As will be shown in section 4, even highly regarded Danish registries contain erroneous and flawed data. Since even these benchmark data are flawed, it is likely that mixed data quality is universal across countries and could thus pose an Achilles' heel of AI and personalized medicine.

The danish case: Is excellence in data quality good enough for AI?

Danish healthcare registries, as well as civil registries, are by some considered among the best and most complete (6). The Danish government and national healthcare system have through half a century registered the entire population, thus providing access to detailed patient data, facilitating epidemiological and pharmaceutical research. In this context, Denmark as a nation can in some respects be considered one complete cohort (21) which may be ideal for the development of personalized medicine (22).

The building of vast databases in Denmark has been facilitated using the Danish Civil Registration System (CRS). The CRS is an administrative registry, which as of 1972 contains individual-level information on all persons residing in Denmark and Greenland. By January 2014, the CRS had cumulatively registered 9.5 million individuals and more than 400 million person-years of follow-up (23). A unique ten-digit Civil Personal Register number assigned to all persons in the CRS allows for unambiguous individual-level record linkage of Danish registers, enabling more than 160 public health databases to be continuously feed directly from EHR.

Danish EHRs are based on distributed databases connected in a digital infrastructure where healthcare operators can share and access patient data across organizational boundaries. A simplified map of the Danish digital infrastructure for healthcare data is presented in Figure 1. The development of the digital infrastructure has been ongoing for more than a quarter of a century based on a combination of statutory reporting obligations and data processing agreements between the healthcare operators. The evolvement of this digital infrastructure has not been systematically planned; thus, it is not easy to make an overall overview.

FIGURE 1

Figure 1. Danish digital infrastructure for health data. The figure shows different data categories divided into regional, interregional and national systems. Source systems making up the digital infrastructure can be categorized in relation to four data categories. (1) data collected for use in the patient record, (2) data collected for administration of the patient course, (3) data on drugs for use in the administration of drugs, and (4) paraclinical data. As shown, it is a basic principle that the same health data are usually stored both regionally, nationally, and in some cases also inter-regionally. In this way, data control is divided between the regions and the state. This data redundancy may be deliberate but may also be by chance as the infrastructure has grown organically over many years. The figure is included in a textbook by Kristensen (24). EHR, electronic health record; PRO data, patient recorded outcome; CQD, clinical quality databases; NPR, national patient register; PAS, patient administrative systems; CMC, common medicine card; DAR, drug administration register; DSR, drug statistics register; NGC, national genome center.

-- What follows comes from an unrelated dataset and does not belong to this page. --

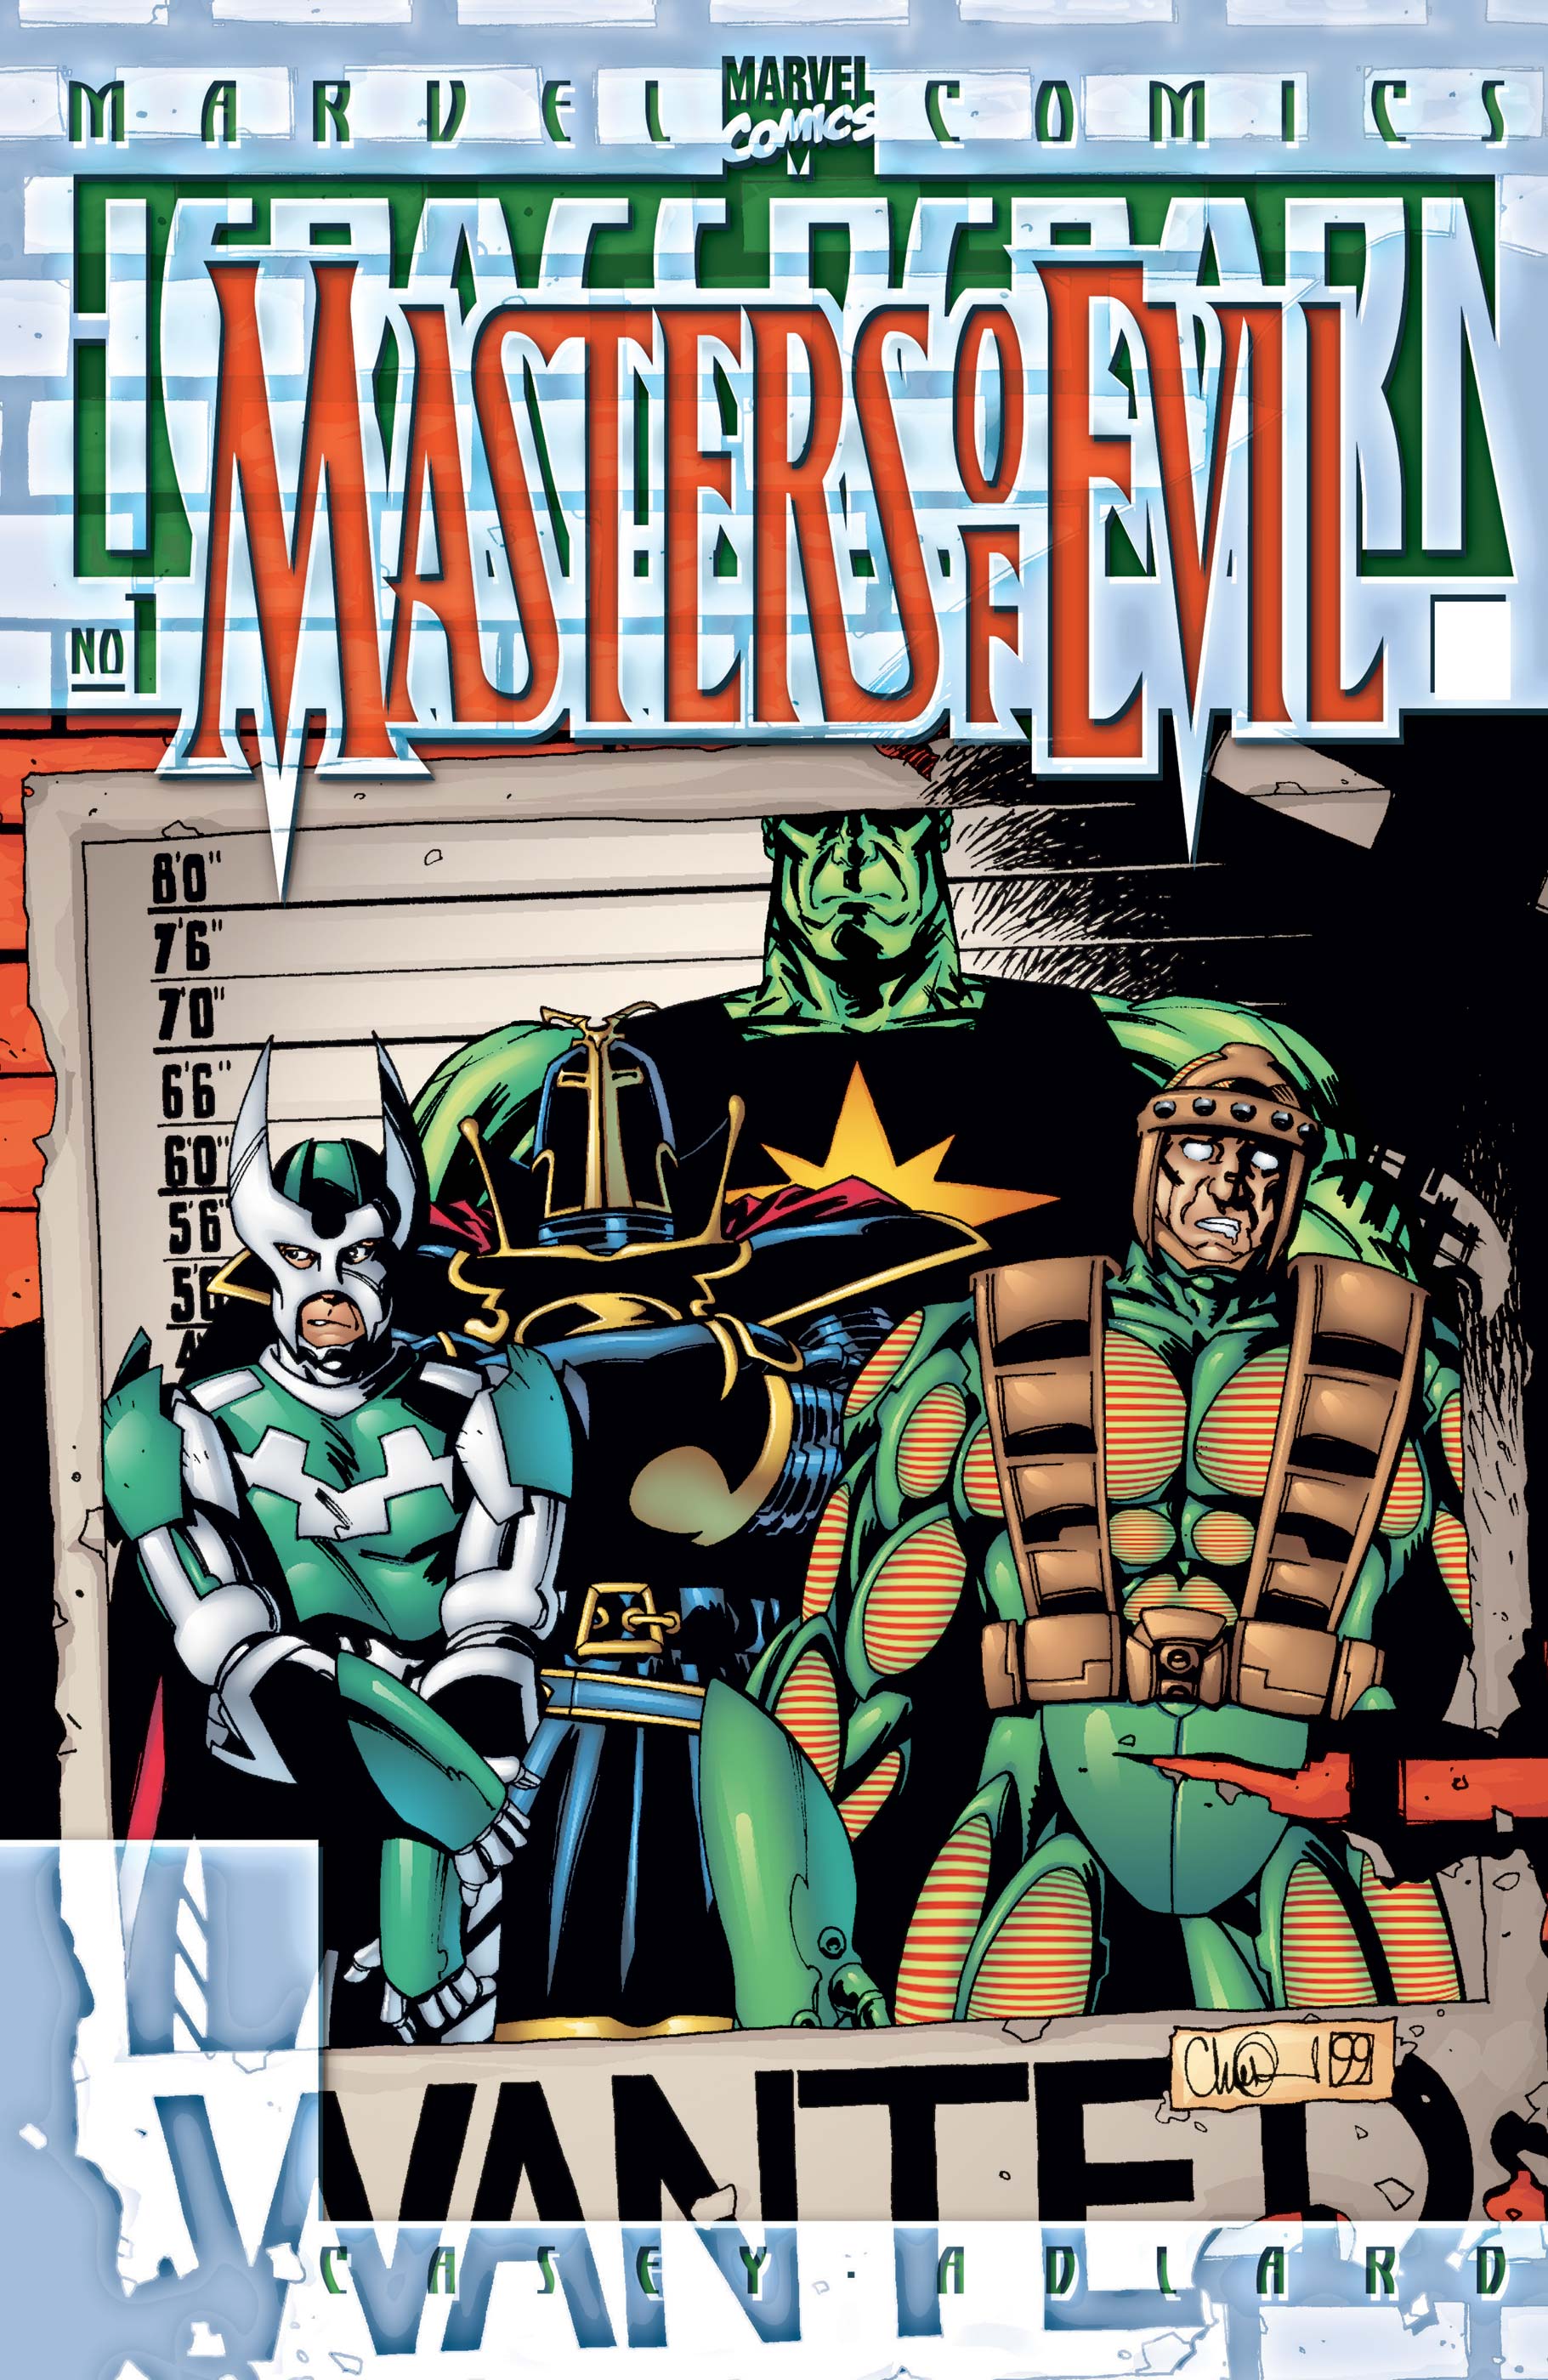 Heroes Reborn: Masters of Evil (2000) #1

Within the infrastructure, data will inherently be of varying quality. This is illustrated by an analysis of data quality from 2019, which found that data on Danish medical prescriptions contain numerous and frequent incorrect registrations (25). Likewise, 12% of the patients in the Danish registry of diabetes did not have diabetes (26, 27) and in a Danish registry on congenital heart disease 36% of diagnoses where misclassified (28). This pertains not only to Denmark. In one study including patients from 20 countries, 62% of those registered as having chronic obstructive pulmonary disease, did in fact not have the disease (29).

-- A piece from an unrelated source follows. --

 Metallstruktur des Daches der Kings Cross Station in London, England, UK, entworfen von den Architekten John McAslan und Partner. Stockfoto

Data sharing means that errors are automatically transferred within the digital infrastructure (Figure 1). As IT-systems are often developed over time, data will often be added, removed, and reclassified. This process may result in data gaps and incorrect registrations. A further obstacle for AI is the fact that errors in Danish health records are never directly corrected. Instead, corrections, if done, are made through later additional notes. Therefore, erroneous data remain and accumulate in the record, thus obscuring AI.

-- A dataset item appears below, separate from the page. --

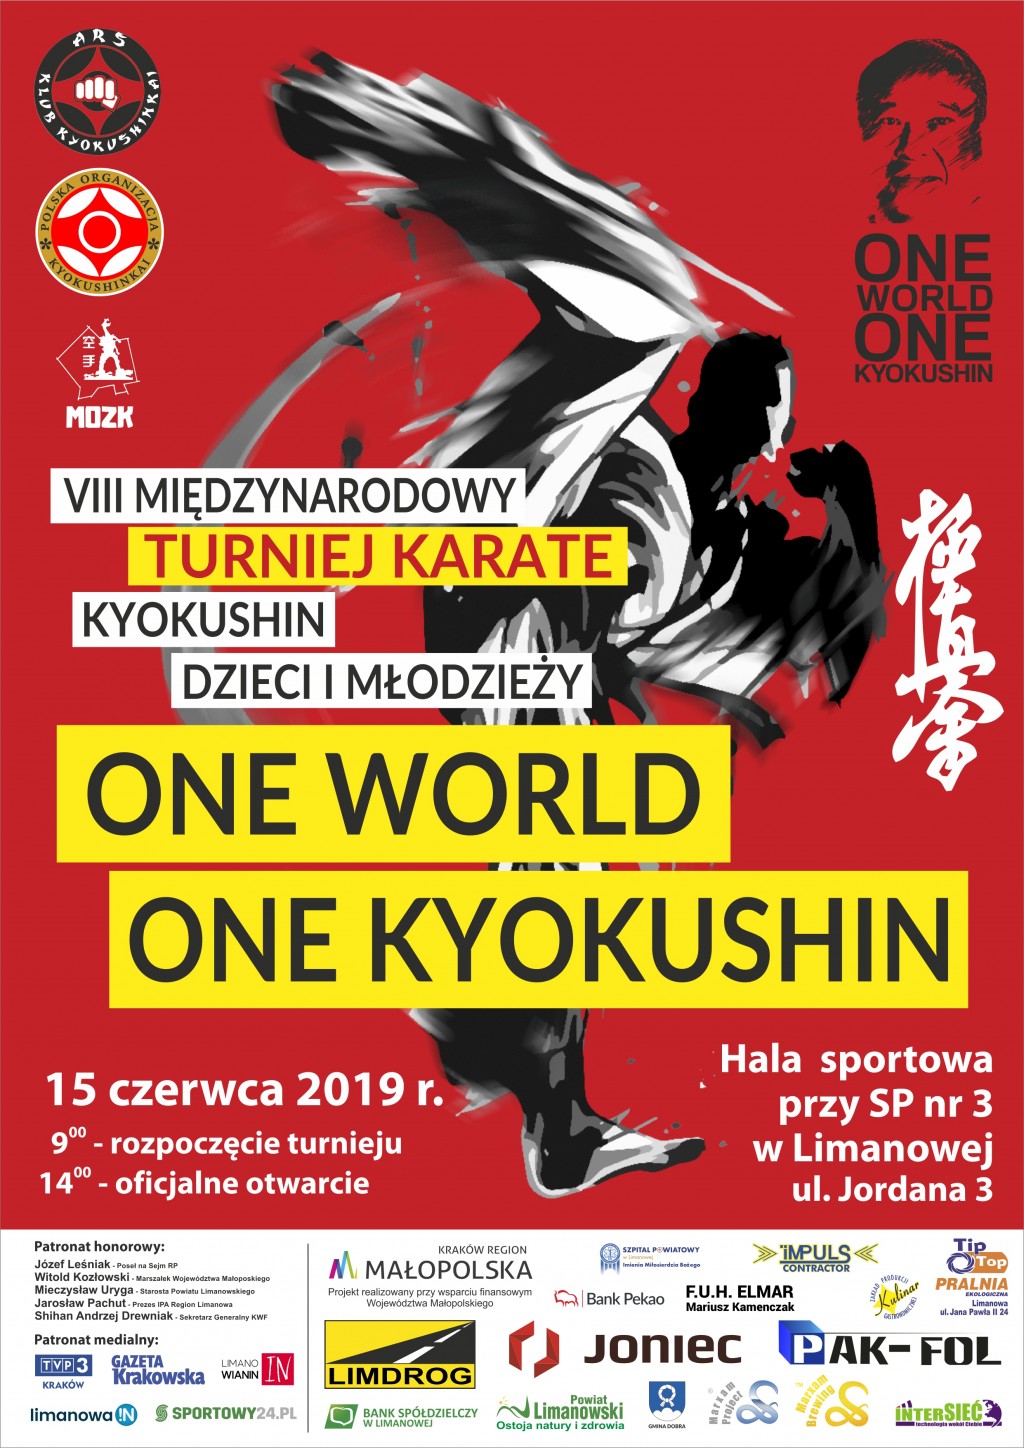 Międzynarodowy Turniej Karate Kyokushin Dzieci i Młodzieży ”One World One Kyokushin” - 15 czerwca 2019 r. Limanowa

The accumulation of false diagnoses and findings should cause great concern when combined with AI. Clinical decision support tools fed with accumulated false diagnoses and findings may lead to serious overtreatment of patients and thus reverse the promise of AI as beneficial to health economics. Thus, the opposite may very well-come true (30).

Legislation for the use of health data for AI

In Denmark AI intended for medical purposes is regulated by EU law. Medical devices are in EU law defined as any instrument, apparatus, appliance, software, implant, reagent, material, or other article intended by the manufacturer to be used, alone or in combination, for human beings for medical purposes (31, 32). Medical devices thus include both stand-alone AI applications that work independently of hardware and AI applications that are integrated within a medical device.

Medical purposes are broadly formulated in the regulations, leaving it up to Member States to decide whether a software should be considered a medical device (33). However, only applications intended for medical purposes are to be considered (34). Furthermore, the medical device should include functions that goes beyond storing, displaying, and sharing health data, which means a computer is not a medical device. For example, diagnostic applications used in image processing software to scan images and data from multiple patients are considered medical devices. By contrast, applications that, on the basis, of information on drug prescriptions, search for information on side effects in scientific literature and databases are not considered medical devices.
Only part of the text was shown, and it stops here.